Позже тем же вечером Клеменс плюхнулся в свое потрепанное вращающееся кресло из черной кожи, закурил сигарету и принялся постукивать пальцем по клавишам пишущей машинки «Ройал стандард № 1» – чертова буква «е» продолжала залипать. Он им покажет! В конце концов, он – американский Шерлок Холмс.
Клеменс не собирался сдерживаться. Он с ходу обрушился на Хейзел: «В этом деле никогда не было бы такой черной стены тайны, если бы сама Хейзел была более откровенной и честной со своими друзьями и родственниками. Тот факт, что она сделала свою молодую жизнь такой скрытной, привел к проблеме ее загадочной смерти. Она была своим злейшим врагом».
Но он только разогревался: Хейзел была «кокеткой… тщеславной в красоте и одежде». В течение прошедшего года она «бросила одну за другой своих подруг и молодых парней времен своей юности и начала заводить знакомства более практичные. Каждый раз, совершая поездку в другой город, она заводила новых знакомых».
Джулия Дрю сказала, что у Хейзел не было кавалера, Мэри Кэри настаивала, что она редко получала письма. Обе были не правы, заявил Клеменс, обе не обращали внимания на двойную жизнь, которую тайно вела Хейзел.
Затем Клеменс сделал то, что даже он считал этически сомнительным – нарушением «святости» жизни Хейзел, как он выразился, – но необходимым для демонстрации ее «флирта и того, каких мужчин она привлекала своей красотой и индивидуальностью». Он полностью опубликовал письмо от одного из ее поклонников:
«Миледи со светлыми волосами, я беру на себя большую смелость адресовать это письмо вам, миледи, но, учитывая, какое приятное время вы нам доставили, я не могу не выразить наши глубочайшие соболезнования в связи с потерей ваших очков. Мы чувствуем, что отчасти виноваты в этом, потому что, если бы мы не были так прямолинейны в выражениях, вас, вероятно, не было бы в нашей лодке. И все же я не хочу, чтобы у вас сложилось впечатление, будто мы бессердечные ветреники, хотя и приехали из города. Мы заметили, что вы были несколько взволнованы, выходя из машины, и подумали, что, возможно, мы с ним выглядели странно и вы устыдились нас. Если бы мы подозревали, что встретим таких очаровательных юных леди, мы бы оделись соответственно.

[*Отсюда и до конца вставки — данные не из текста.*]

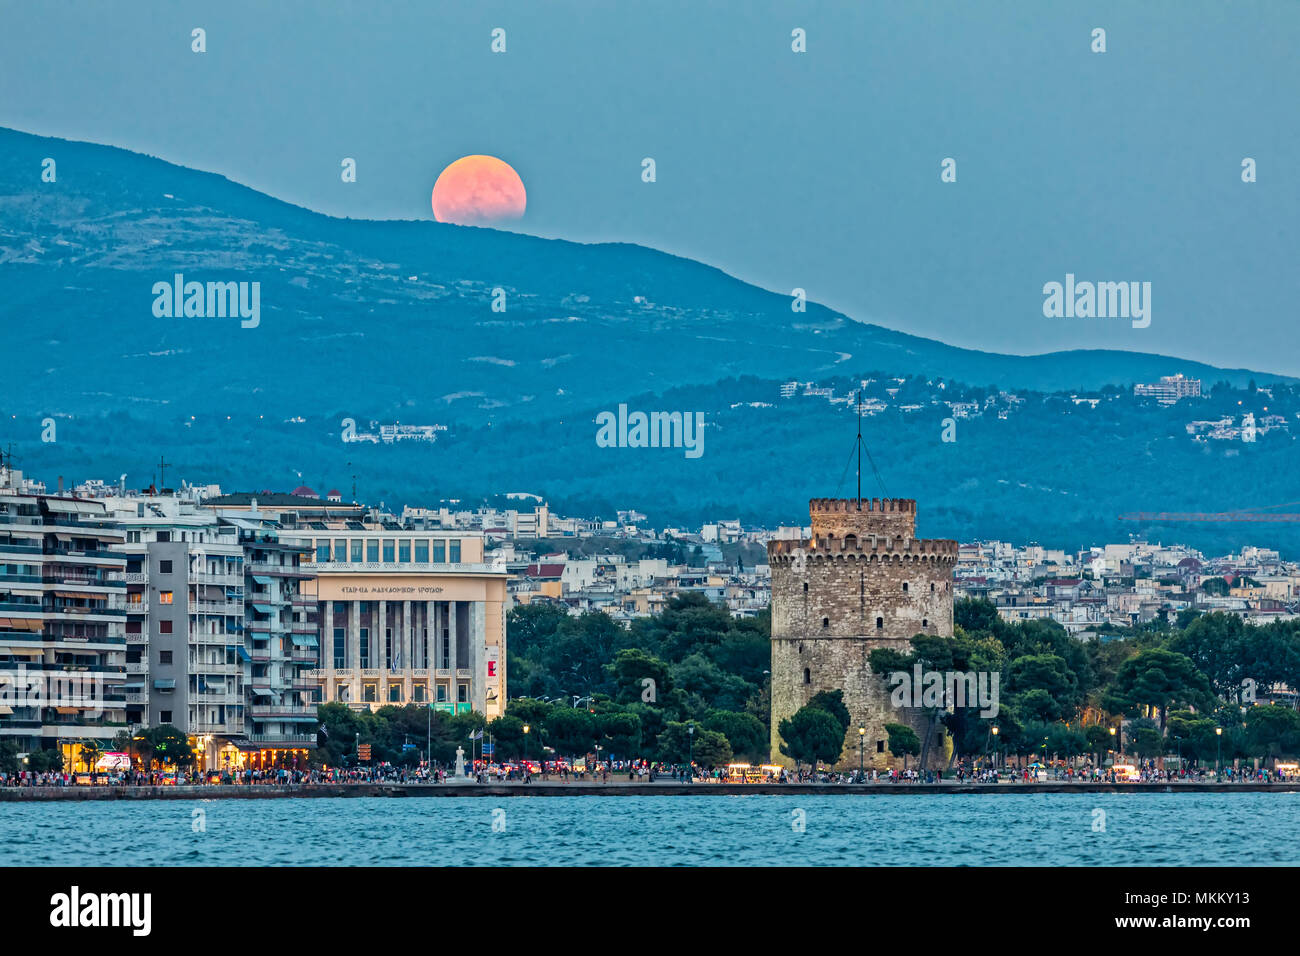 Thessaloniki, Griechenland - 7. August 2017: Volle Blood Moon und Eclipse Backofen Weißen Turm von Thessaloniki, Griechenland Stockfoto

Я надеюсь, что ваши запястья не повреждены, потому что я не смог бы простить себя, если бы оставил даже малейший синяк. Это правда, что в некоторых случаях мне приходилось применять силу, но я старался не быть грубым в своих действиях. В том бизнесе, которым мы занимаемся с моим другом, работа больше умственная, чем физическая, и неделя в компании с вами и вашей подругой стоит больше, чем месяц в горах.
Очень возможно, что у такой хорошенькой девушки, как вы, много поклонников, и у вас, несомненно, есть предпочтение среди них. Я всегда буду помнить счастливую сцену, разыгравшуюся на озере Снайдер, и мечтать о моей леди со светлыми волосами. Я нарисовал ваше лицо и плечи и не могу передать правильное выражение глаз, с каким они смотрели на меня. Надеюсь, вы простите меня за то, что я завладел вашей салфеткой, но мне действительно нужно было взять кое-что на память.
Мне представляется странным, что мы оба больше заинтересовались вами, чем вашими подругами, но почему-то кажется, что вы принадлежите к более высокой сфере, что вы значительно более разумны, современны и обладаете более приятными манерами. Если мы отправим письма, то будем ожидать взамен других. Если бы рыцарство было в расцвете, я бы жил только ради милой леди со светлыми волосами и хранил бы теплые воспоминания о ней и был верен ей до самой смерти под именами вашего РЫЦАРЯ НАППА КИННА И ВАШЕГО ДРУГА-ХУДОЖНИКА ГАРРИ».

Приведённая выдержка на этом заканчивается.